Greater Harrisburg's Community Magazine

Look–Up in the Sky: Naylor Observatory allows those close by to see very far away.

If you contemplate the outer reaches of the universe, what celestial phenomena would you like to see?

A meteor shower? A comet that only appears once a lifetime? How about the terrain of the moon or Mars?

Fortunately, you don’t have to drive far from Harrisburg to get your heavenly fix.

The Naylor Observatory lies just outside of Lewisberry in York County, a short hop across the river though far enough away from the lights of the city and highway to offer a good look at the sky—on a clear night, that is.

The Astronomical Society of Harrisburg (ASH) holds regular viewing events there. Provided the evening’s conditions are right, you’ll be able to observe the night sky through several telescopes and share knowledge with the amateur astronomers at ASH.

The club holds regular viewings for the general public, which can draw a few hundred people. Visitors experience a distinctive ambience both in the sky and on the ground. Dotted along the observatory’s steep driveway is a series of red lights to gently guide your eyes.

“Red light best allows our eyes to transition to night vision, because the rods in our eyes don’t respond to red light,” said ASH member Courtland Barnabei.

Also red-lit on the observatory’s grounds are the compact outbuildings, four of which contain either retractable or removable roofs. These buildings have no heat or air conditioning, surrounding the telescopes with a stable ambient temperature. Inside, the telescopes are permanently mounted to underground piers.

“Wind is a huge factor for telescopes because air currents can distort images,” said ASH Secretary James Davis. “The mounting stabilizes them.”

You can bring your own telescope or use one belonging to ASH, but you don’t necessarily need one.

“The best observing is looking straight up,” said Chip Templin, ASH president. “Your eyes are looking out through various layers of atmosphere. But looking straight up cuts through the fewest number of layers.”

Using the club’s telescopes is an ASH membership perk.

“Most people make the mistake of buying a telescope, but then only use it a handful of times because it’s cumbersome to use or hard to set up,” said Barnabei. “You can use a free online star chart and binoculars instead.”
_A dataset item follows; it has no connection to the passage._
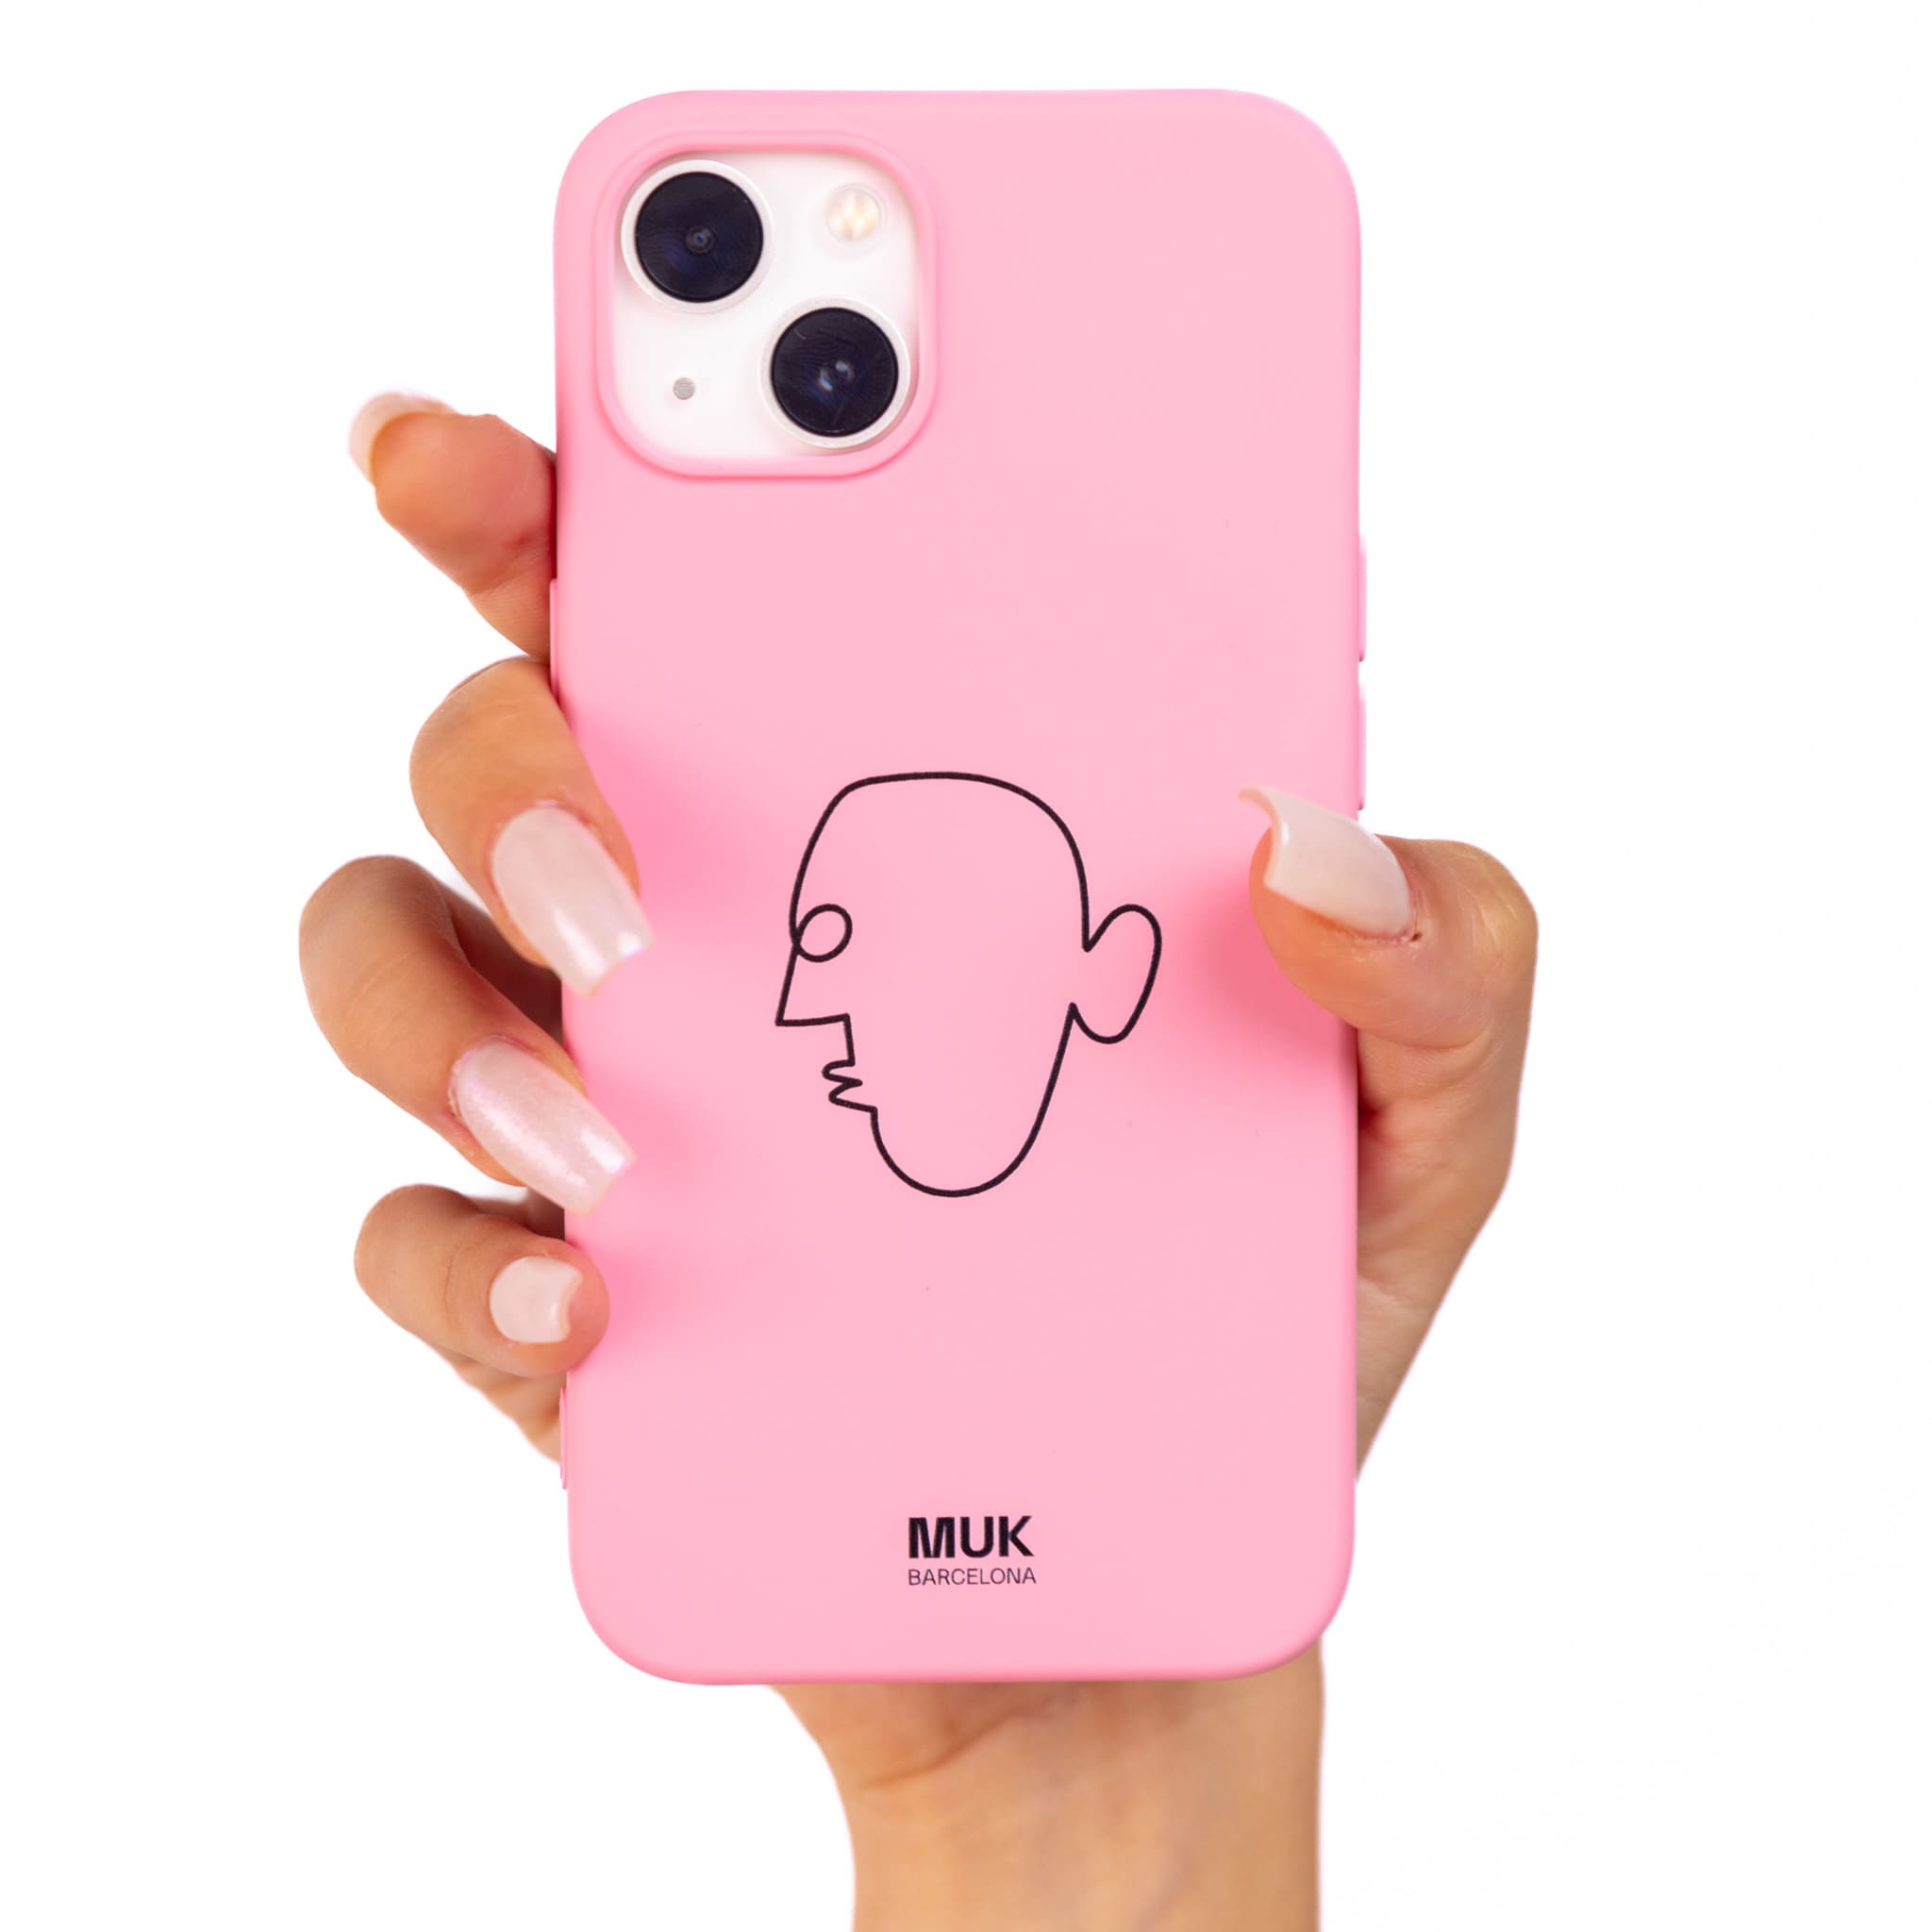 Funda de móvil TPU rosa con diseño de cara abstracta con un 6 y un 4.

Some hobbyists even build their own rudimentary telescopes. You would think that a telescope is full of complicated mechanisms, but it’s actually mostly hollow, comprised of just two mirrors and a focuser eyepiece encased in a fiberglass cylinder. Light enters, bounces between the mirrors and through the lens to magnify faraway objects. Depending on the magnification power, some telescopes can see farther than others.

“The sky in Harrisburg doesn’t get dark enough to use certain telescopes,” Templin said.

The more sophisticated telescopes can automatically point to different objects in the sky simply by typing the object into a navigator controller. Davis routinely teaches classes on how to use telescopes, and he shared the secret for taking clear, detailed pictures of the moon. Press the lens of any camera to the telescope eyepiece, guide it to the moon, then click.

If you’d like to locate other celestial objects, ASH members recommend a number of good reference materials, accessible both at the observatory and online.

The “Observer’s Handbook” is like a celestial almanac, with different editions available for different regions. If you’re looking for a visual representation where you can cross-reference date, time of day and coordinate positions, try the “Skygazer’s Almanac.” If you want to be able to recognize what you’re observing when you locate something through the eyepiece, consult “The Messier Catalogue,” a set of 110 celestial objects catalogued by French astronomer Charles Messier.

Some celestial events are predictable or cyclical, so observers have plenty of advance notice to plan a proper star party, which is like a nighttime tailgate party for a heavenly happening. provides an online crowd-sourcing forum for sky-gazers. Having a worldwide reach allows hobbyists to leverage pictures, information and logistics of star parties worldwide.

If you’re looking for Pennsylvania’s utmost star party, Templin recommended Cherry Springs State Park, a dark sky park located a few hours north in Potter County, 2,300 feet in elevation.

ASH members often build vacations around premiere observing locations. In the United States, the southwestern desert and parts of Hawaii have the best conditions because of their sparse populations and lack of industry. Internationally, the best place to observe is the mountains of Chile. Also, “the Australian outback is dark, and it has some of the largest telescopes in the world,” said Davis.

ASH facilitates events and classes with local schools, educational centers, the State Museum planetarium and HACC. Regular offerings include 101-level astronomy, identifying constellations, cosmology and telescope how-to.

For ASH members, observing celestial bodies is a lifelong pursuit.

“With new information coming in every day, it’s impossible to learn everything,” said Doug Grove, ASH vice president. “Visitors can leverage the knowledge of the members who have been observing as long as we have.”

Indeed, astronomy is attractive because it’s a “learning hobby,” said Barnabei.

“The benefit of Naylor is that the membership facilitates the learning process,” Barnabei said. “You can come to our observatory with questions, and you’re certain to find a member who once asked themselves that exact same question.”